FantasticNature7590@reddit (OP)
You speak about Vision Tasks only as I never tested text there ?
starshade16@reddit
Actually my testing is very thorough of its toolsets. Vision for my reolink cameras, voice for my home assistant, coding for OpenCode, and general agent.
Shingikai@reddit
Qwen leans on Asian content, Gemma leans on European/Western content, and that's enough to flip the "which model wins" question on its head. The benchmark is averaging over a distribution that matches neither what you're testing nor what most users care about. Training data isn't gamed, it's just weighted differently than the eval set. Result looks like benchmaxing from one direction.
Once you see that, "which model is better" stops being a useful question. Better at what, on what content? Your side-by-side is doing the diagnostic version: not picking a winner, using the disagreement to reveal where each model's training is thin. When Qwen and Gemma disagree on a meme or a GeoGuessr spot, that disagreement is information about the content, not a tiebreaker.

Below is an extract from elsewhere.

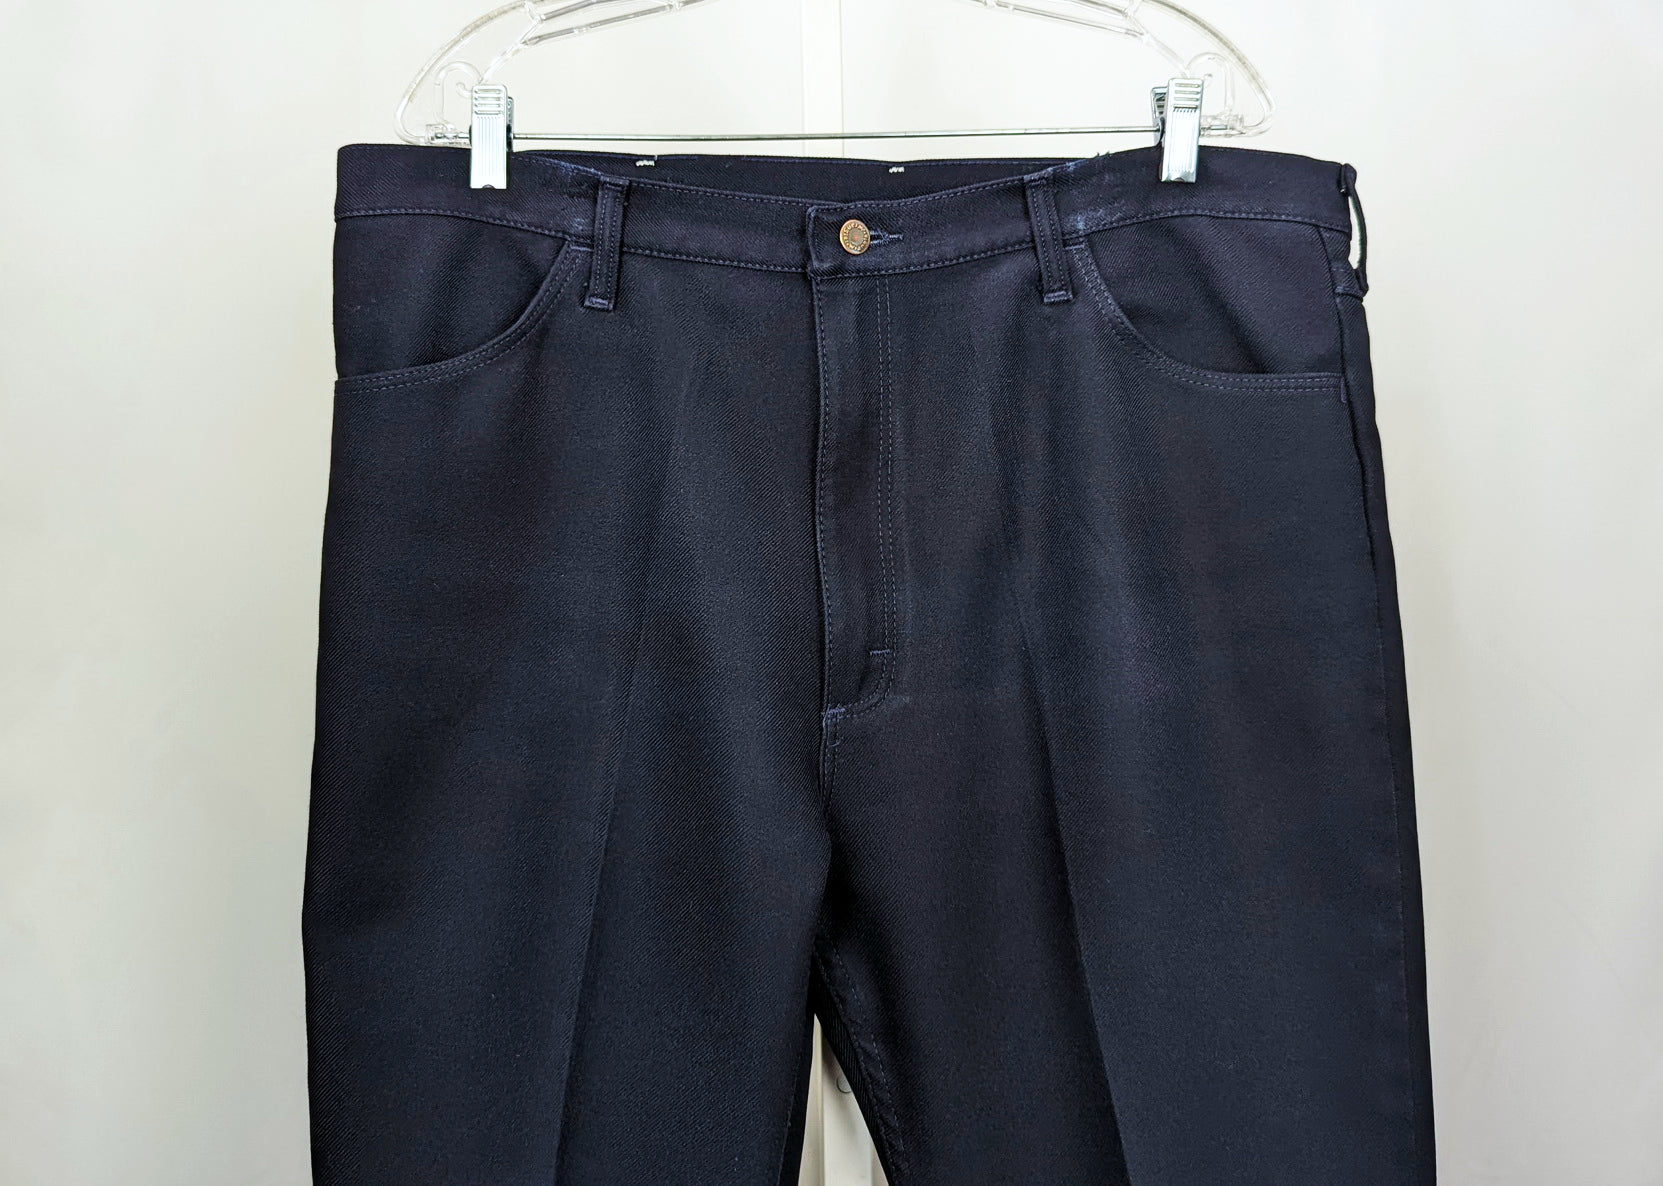 Vintage 70s Navy Blue Polyester Pants By Wrangler | Shop THRILLING
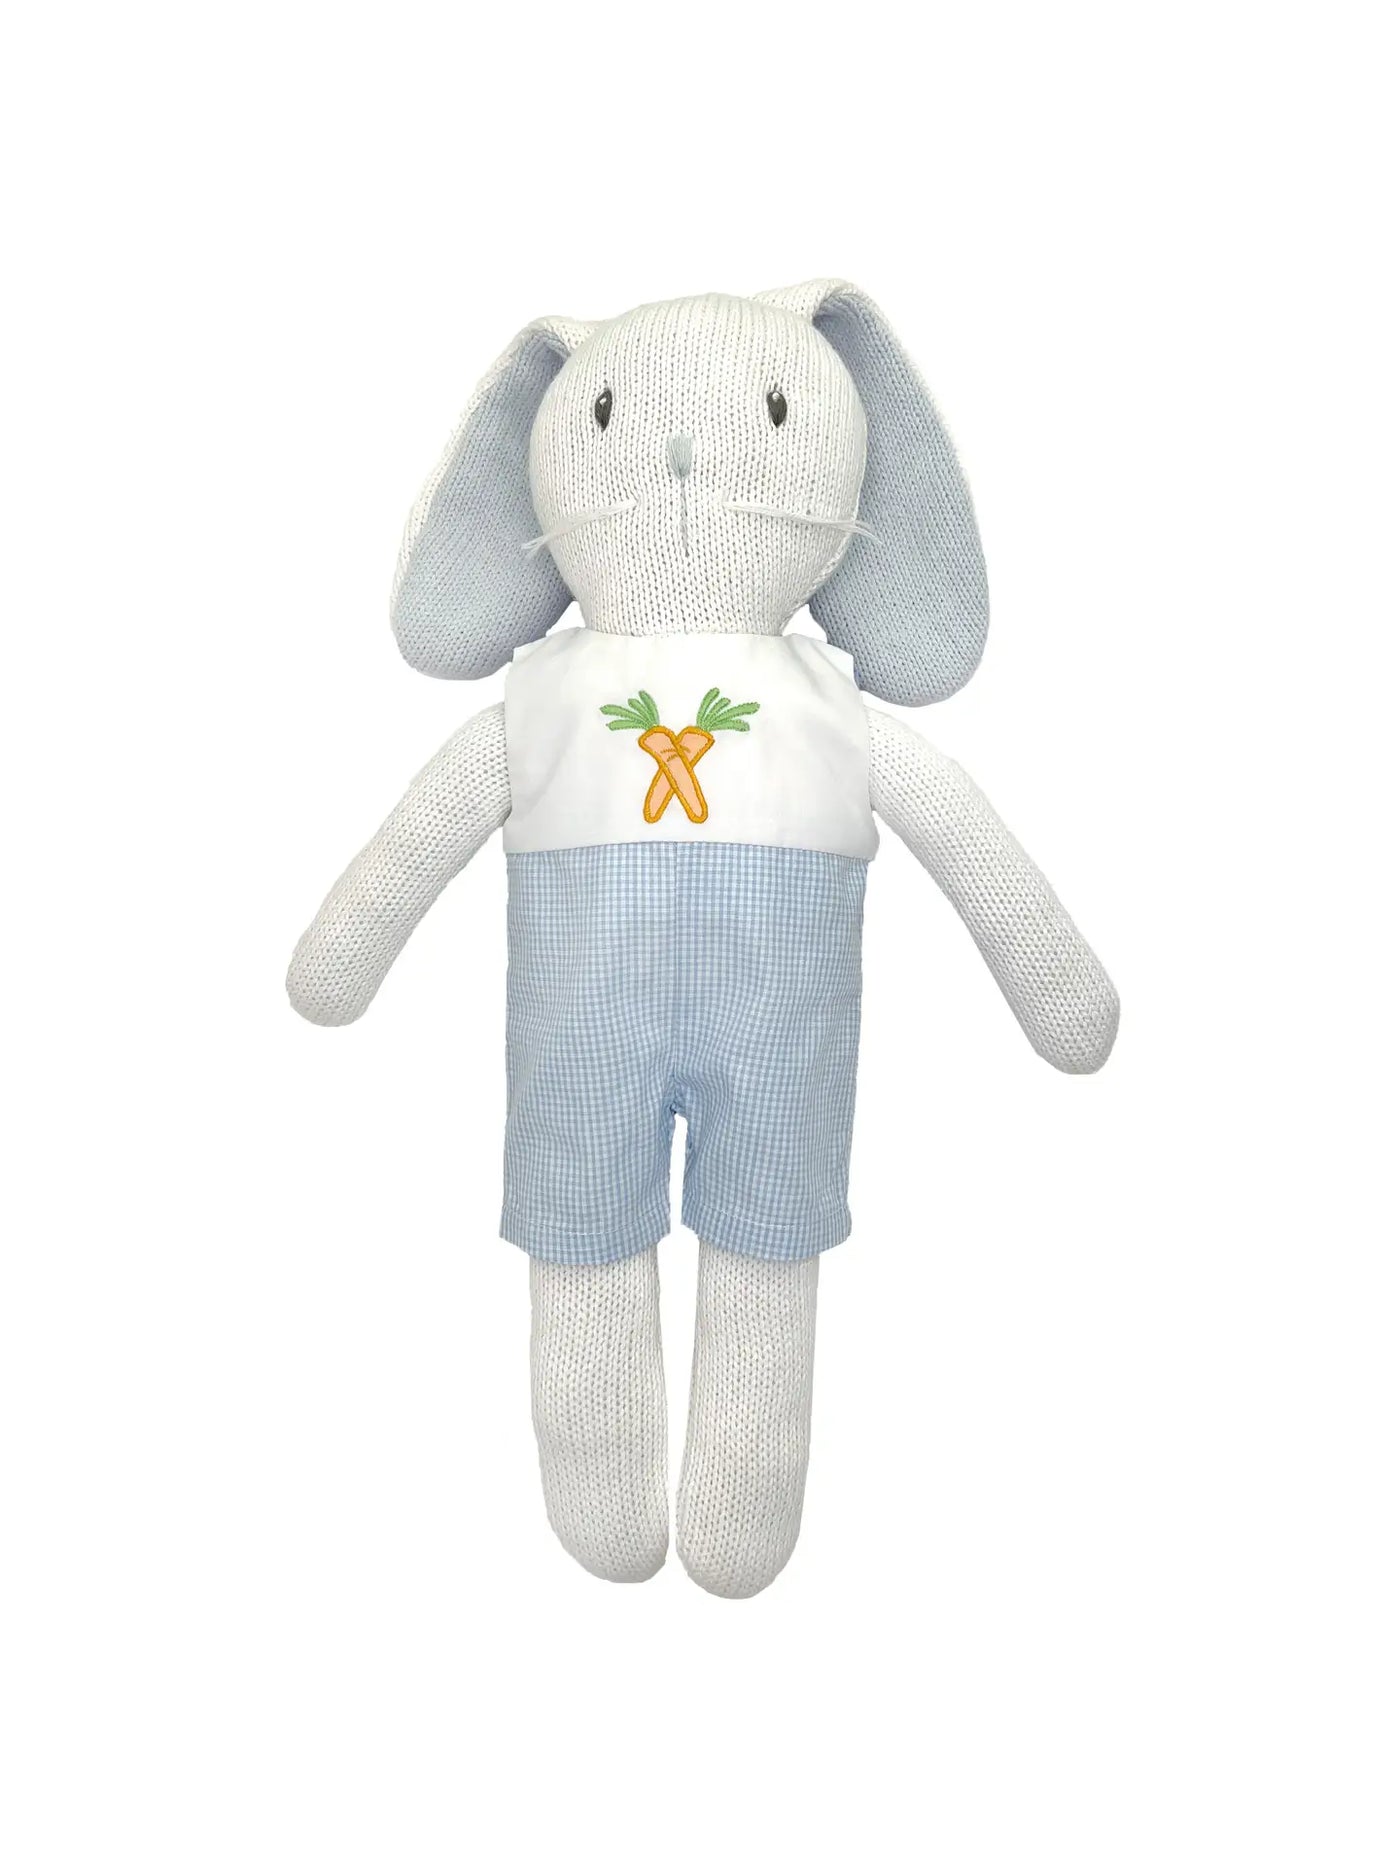 Knit Bunny Doll w/Embroidered Romper

Probably saves a lot of trial-and-error to route by content type instead of trying to crown one model. The Western/Eastern split alone is enough.
Limp_Classroom_2645@reddit
Gemma doesn't win anything, enough with effort posting, google
NoFaithlessness951@reddit
A lot of words for saying Gemma is better at vision
BigPoppaK78@reddit
Isn't that the point? If he just said Gemma is better, then people would be asking for proof or under what circumstances. Personally, I prefer the thoroughness if I'm going to consider whether or not to trust an opinion/outcome.
FantasticNature7590@reddit (OP)
I think most people set it up wrongly and just get the wrong impressions.
baksalyar@reddit
I have a question that's been torturing me: why the heck is a small consumer-grade model like Qwen 3.6 27B so expensive? At a minimum of $2/M for output from any provider on OpenRouter, it's almost twice as much as MiniMax 2.7, which has much greater intelligence and is much more expensive to run.